In both Trials 2 and 3, the proportion of patients with SLE achieving an SRI-4 response, as defined for the primary endpoint, was significantly higher in the group receiving Benlysta 10 mg/kg plus standard therapy than in the group receiving placebo plus standard therapy. The effect on the SRI-4 was not consistently significantly different for patients receiving Benlysta 1 mg/kg plus standard therapy relative to placebo plus standard therapy in both trials. The 1-mg/kg dose is not recommended.
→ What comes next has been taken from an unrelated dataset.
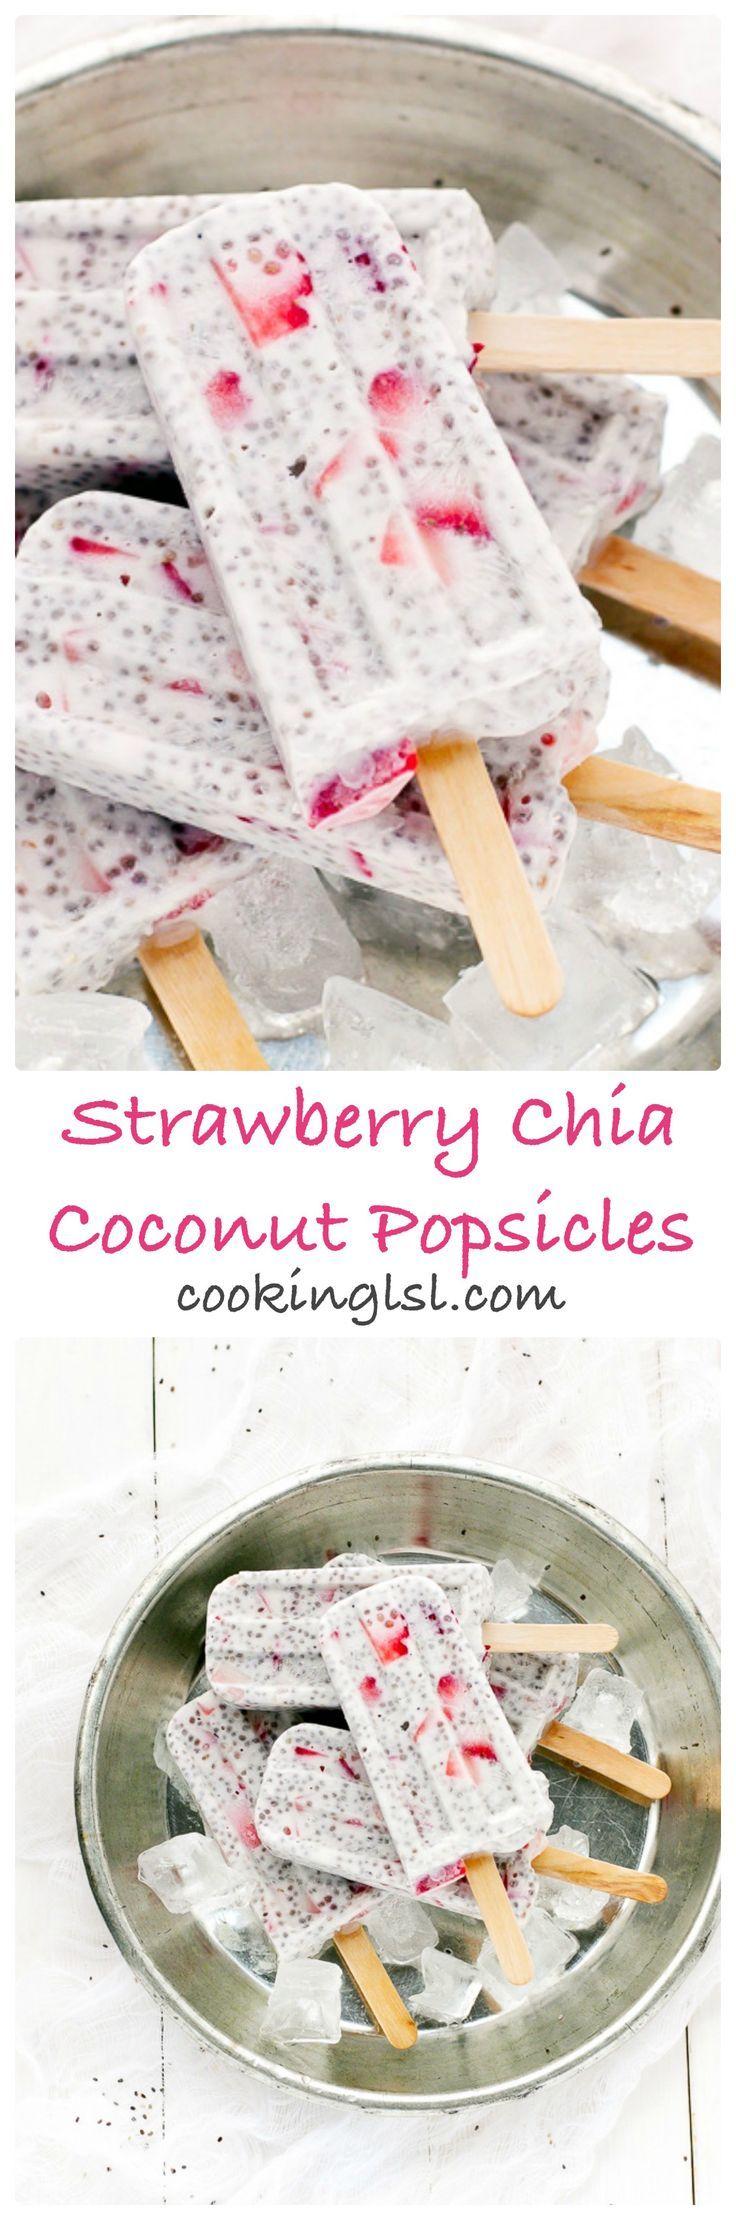 Strawberry-Chia-Coconut-Popsicles-recipe                                                                                                                                                      Más

The trends in comparisons between the treatment groups for the rates of response for the individual components of the endpoint were generally consistent with that of the SRI-4 (Table 4). At Week 76 in Trial 2, the SRI-4 response rate with Benlysta 10 mg/kg was not significantly different from that of placebo (39% and 32%, respectively).

Table 4. Clinical Response Rate in Patients with SLE after 52 Weeks of Treatment
Trial 2 Trial 3
a Patients dropping out of the trial early or experiencing certain increases in background medication were considered as failures in these analyses. In both trials, a higher proportion of placebo patients were considered as failures for this reason compared with the groups receiving Benlysta.
b The 1-mg/kg dose is not recommended.

Response

Placebo +

Standard Therapy

(n = 275)

Benlysta

1 mg/kg + Standard Therapyb

(n = 271)

Benlysta

10 mg/kg + Standard Therapy

(n = 273)

Placebo +

Standard Therapy

(n = 287)

Benlysta

1 mg/kg + Standard Therapyb

(n = 288)

Benlysta

10 mg/kg + Standard Therapy

(n = 290)

SLE Responder Index-4 (SRI-4)a

34%

41%

(P = 0.104)

43%

(P = 0.021)

44%

51%

(P = 0.013)

58%

(P <0.001)

Odds Ratio

(95% CI) vs. placebo

1.3

(0.9, 1.9)

1.5

(1.1, 2.2)

1.6

(1.1, 2.2)

1.8

(1.3, 2.6)

Components of SLE Responder Index-4 (SRI-4)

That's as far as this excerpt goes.